Мы верили друг другу и знали, что "стукачей" меж нас нет. Предложение Миши было осуществимо, и мы тотчас приступили к выработке плана.

– Елочку, небольшую конечно, срубишь ты, – говорил мне Миша, – через ворота нести нельзя – возбудит подозрение. А мы вот что сделаем: я на угловую башню залезу и бечевку спущу. Ты, возвращаясь, привяжи елку, а я вздерну. В темноте никто не заметит.

– Украшения изготовит, конечно, Решад. Он мастер великий. А свечи?

– Склеим трубочки из бумаги, вставим фитили и топленой ворванью зальем, – отозвался Овчинников. – У нас в моленных фабричных не приемлют. Сами делают, и я мальчишкой делал. Умею.

– Есть, капитан! Но еще вопрос: угощение? Без кутьи какой же сочельник…

– Ша, киндер! – властно распорядился Миша. – Это мое дело. Я торгпред! Парижские штаны реализую, лучших уркаганов мобилизую, а угощение будет! Ручаюсь!

– Но ведь еще надо один священник… Это Рождество, Heilige Nacht… Надо молиться… Я, конечно, могу читать молитвы, но по-немецки. Вам будет, как это? Непонимаемо?

– Да, попа надо, – раздумчиво согласился Миша, – мне-то, конечно, это безразлично, но у нас всегда в сочельник попа звали… Без попа как-то куцо будет. Не то!..

– Вопрос в том – какого? Мы-то, как на подбор, все разноверцы.

– Россия есть православный империя, – барон строго обвел всех своими оловянными глазами и для убедительности даже поднял вверх высохший, как у скелета, указательный палец, – Россия имеет православный религион. Мой батюшка ходил в русски Kirche на Пасх, на Рождество и на каждый царский день. Он был российски генерал!

– Ты, пан, как полагаешь? Ты, адамант истинный?

– Пан ксендз Иероним, конечно, не сможет. Он будет занят… Пусть служит русский.

– Далековато от нас Рогожское-то, – улыбнулся Вася Овчинников, – пожалуй, не поспеем оттуда нашего привезти!

– Решено. Вопрос лишь, кого из священников, – резюмировал я. – Никодима Утешителя?

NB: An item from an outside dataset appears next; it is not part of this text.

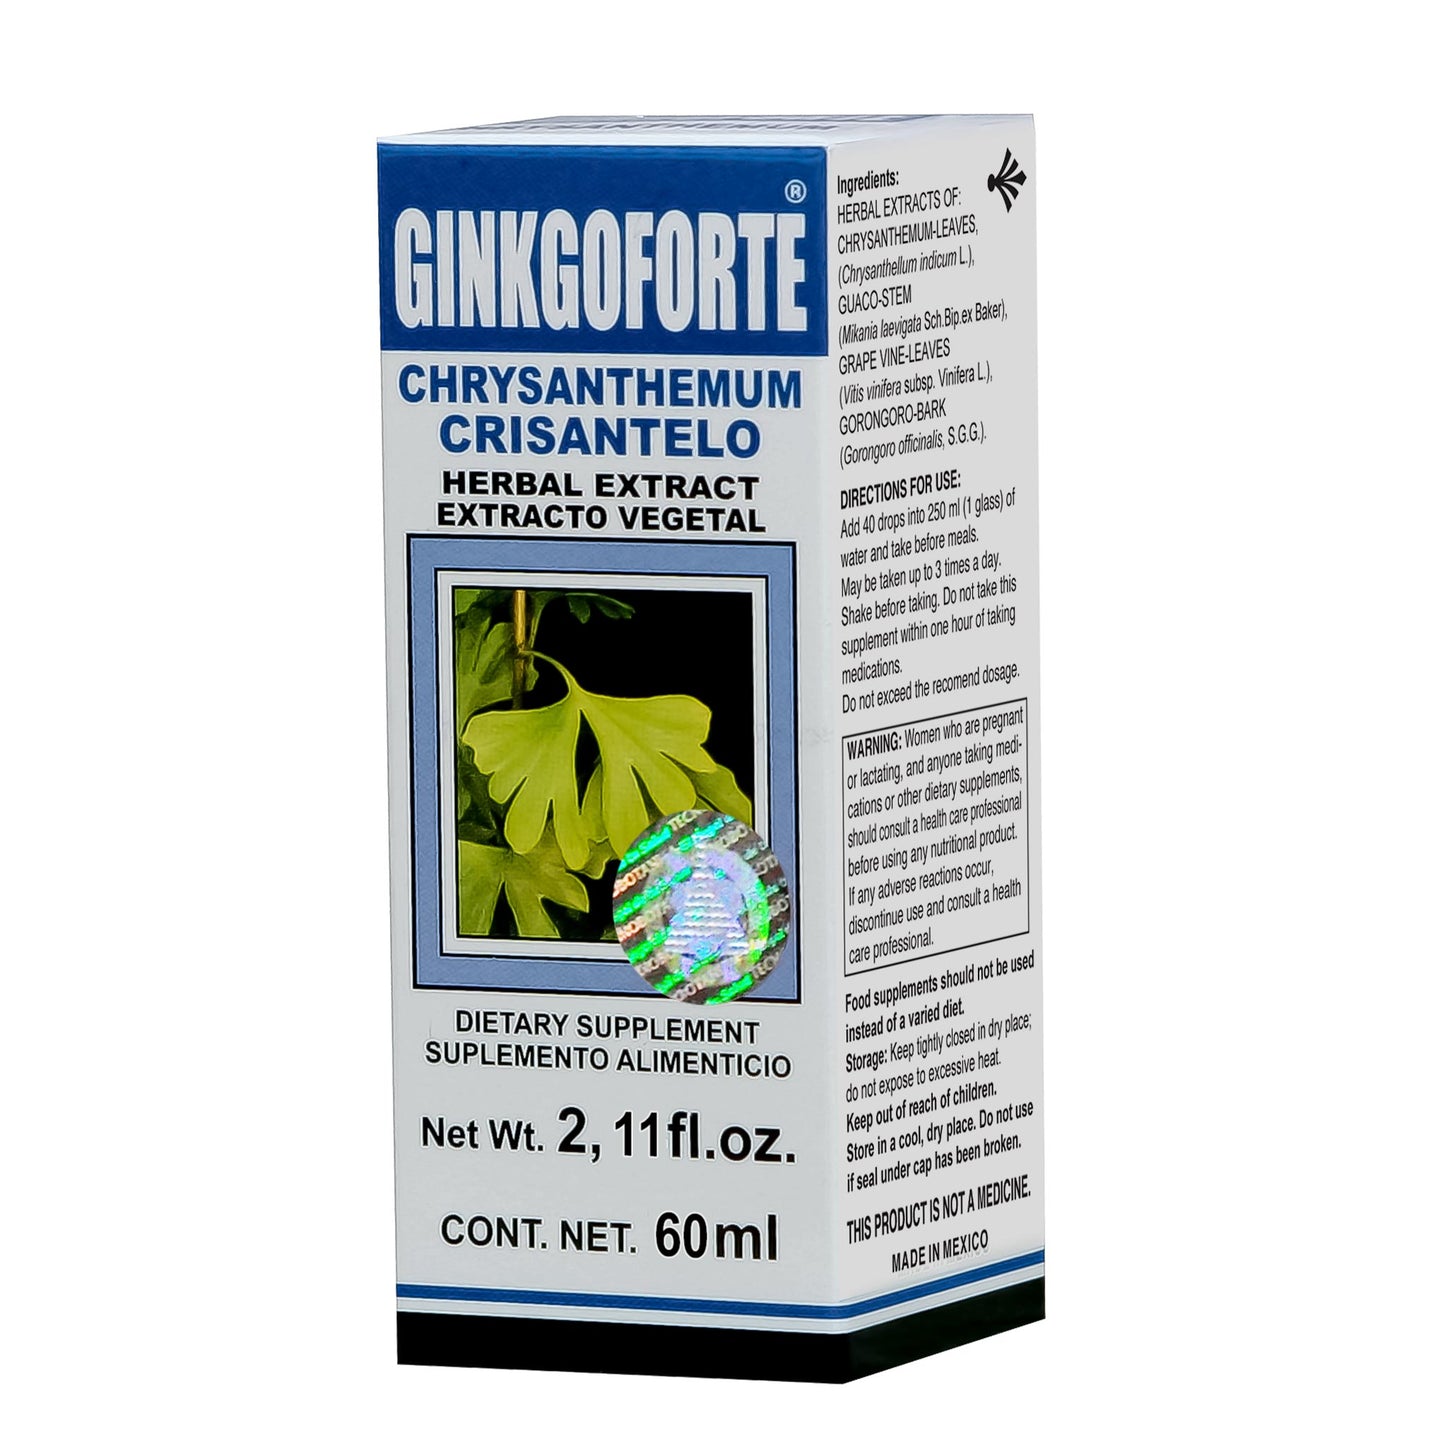 GINKGOFORTE ® extracto vegetal 60ml

– Ясно, его! По всем статьям, – отозвался Миша. – Во-первых, он замечательный парень, а во-вторых, голодный. Подкормим его для праздника!

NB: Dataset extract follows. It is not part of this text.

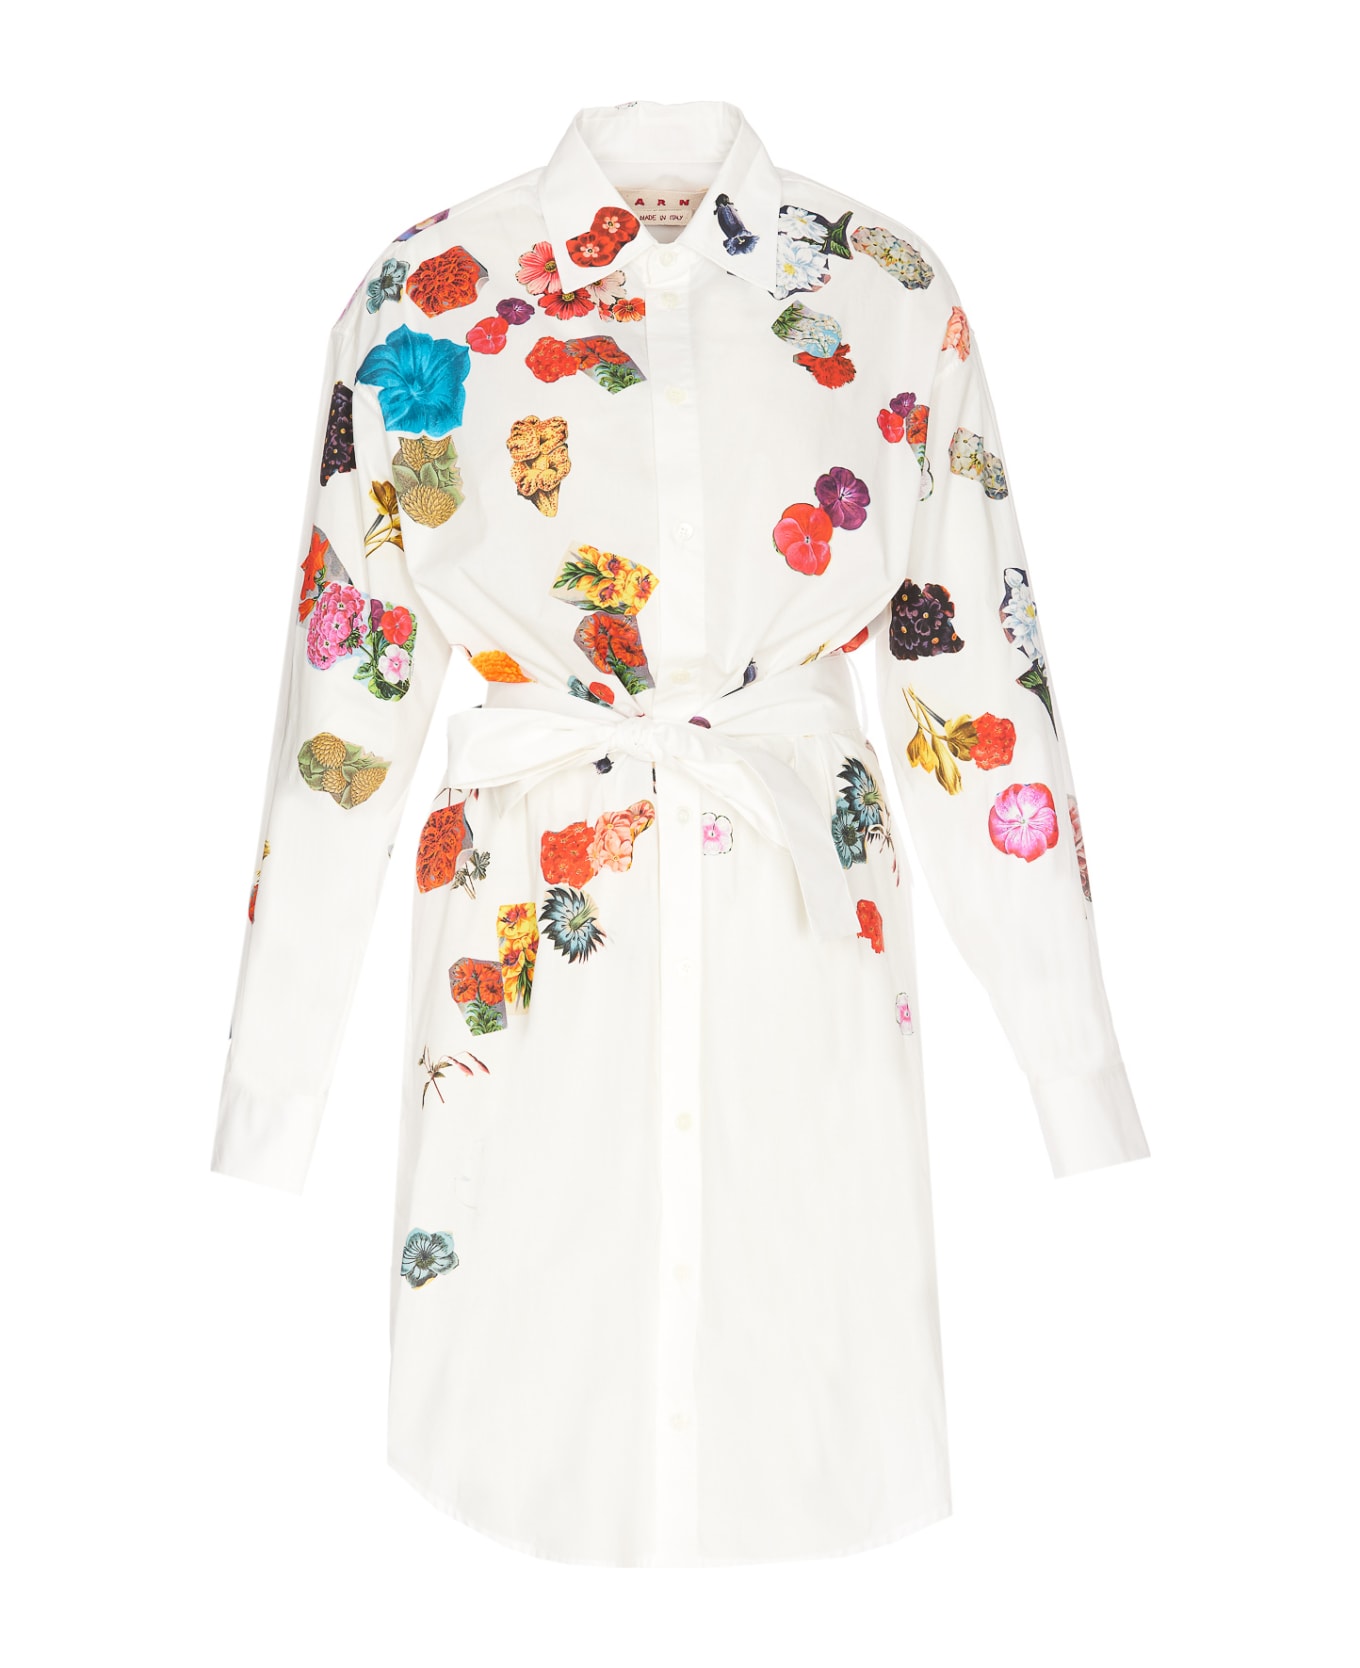 Marni Floral Print Dress - White

"Замечательному парню", как назвал его Миша, отцу Никодиму было уже лет под восемьдесят и парнем он вряд ли был, но замечательным он был действительно, о чем рассказ впереди. Его знали все заговорщики, и кандидатура была принята единогласно.

Подготовка к запрещенной тогда и на материке и на Соловках рождественской елке прошла как по маслу. Решад задумал изумить всех своим искусством и, оставаясь до глубокой ночи в своей мастерской, никому не показывал изготовленного.

– Все будет как первый сорт, – твердил он в ответ на вопросы, – живой товар! Я всё знает, что тэбэ нада… Всякий хурда-мурда! И рыбка, и ангел…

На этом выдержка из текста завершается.